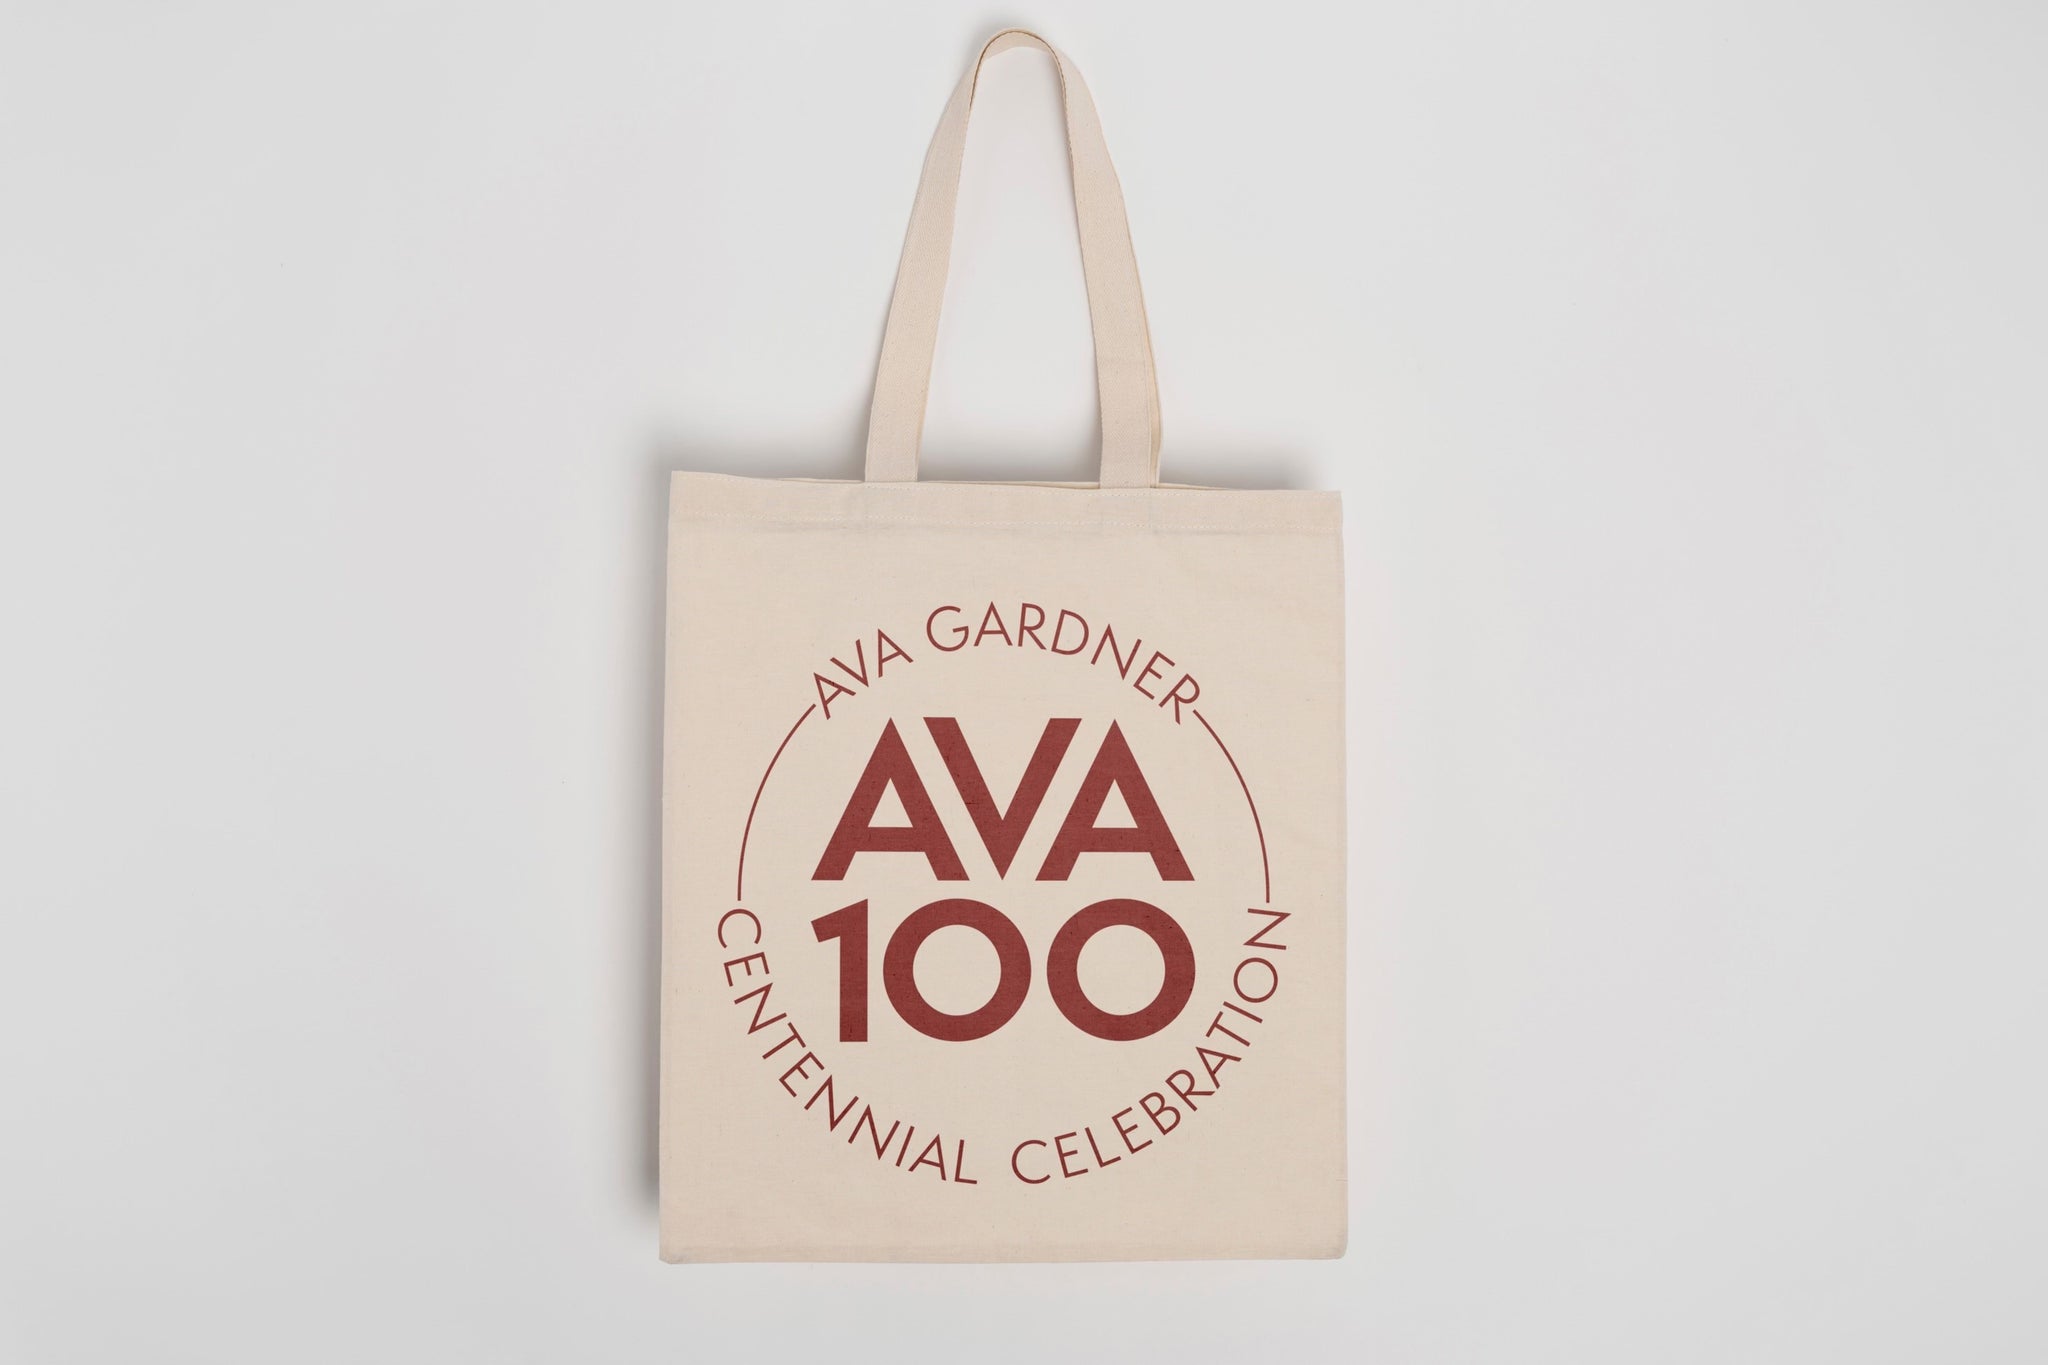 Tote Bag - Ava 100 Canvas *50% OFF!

===============

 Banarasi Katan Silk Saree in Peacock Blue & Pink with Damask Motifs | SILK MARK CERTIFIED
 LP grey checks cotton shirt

===============

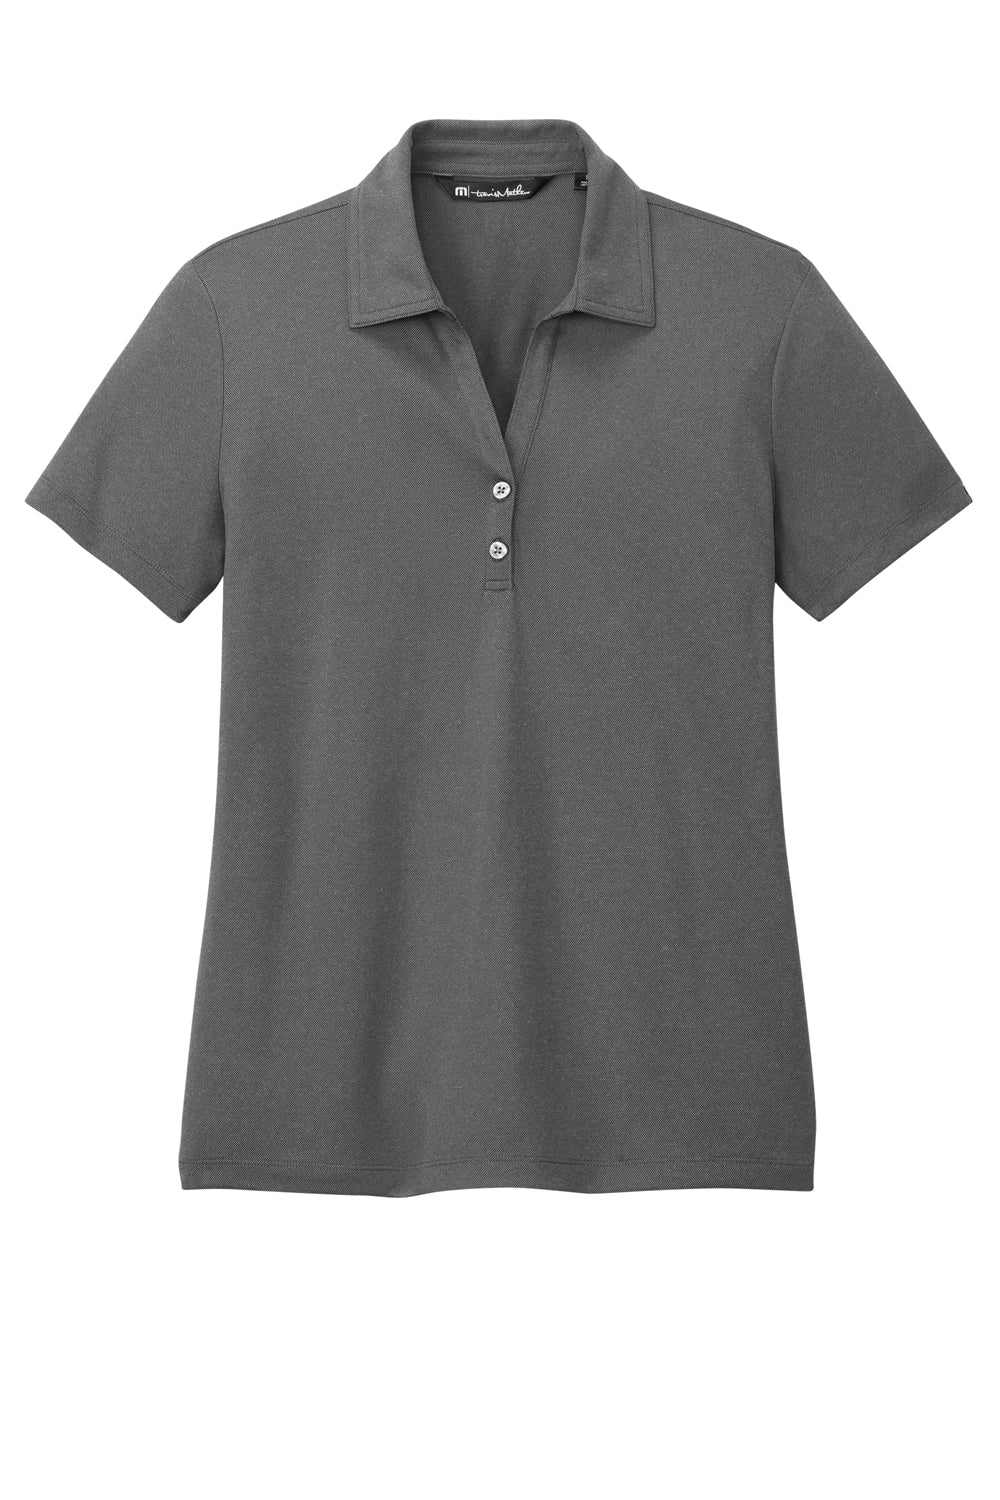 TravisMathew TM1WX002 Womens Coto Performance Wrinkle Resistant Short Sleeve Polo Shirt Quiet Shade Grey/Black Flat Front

===============

Taking the entries above, restate exactly those lines that fall between the line with "Banarasi Katan Silk" and the line with "LP grey checks cotton shirt", keeping both of those lines too.

 Banarasi Katan Silk Saree in Peacock Blue & Pink with Damask Motifs | SILK MARK CERTIFIED
 LP grey checks cotton shirt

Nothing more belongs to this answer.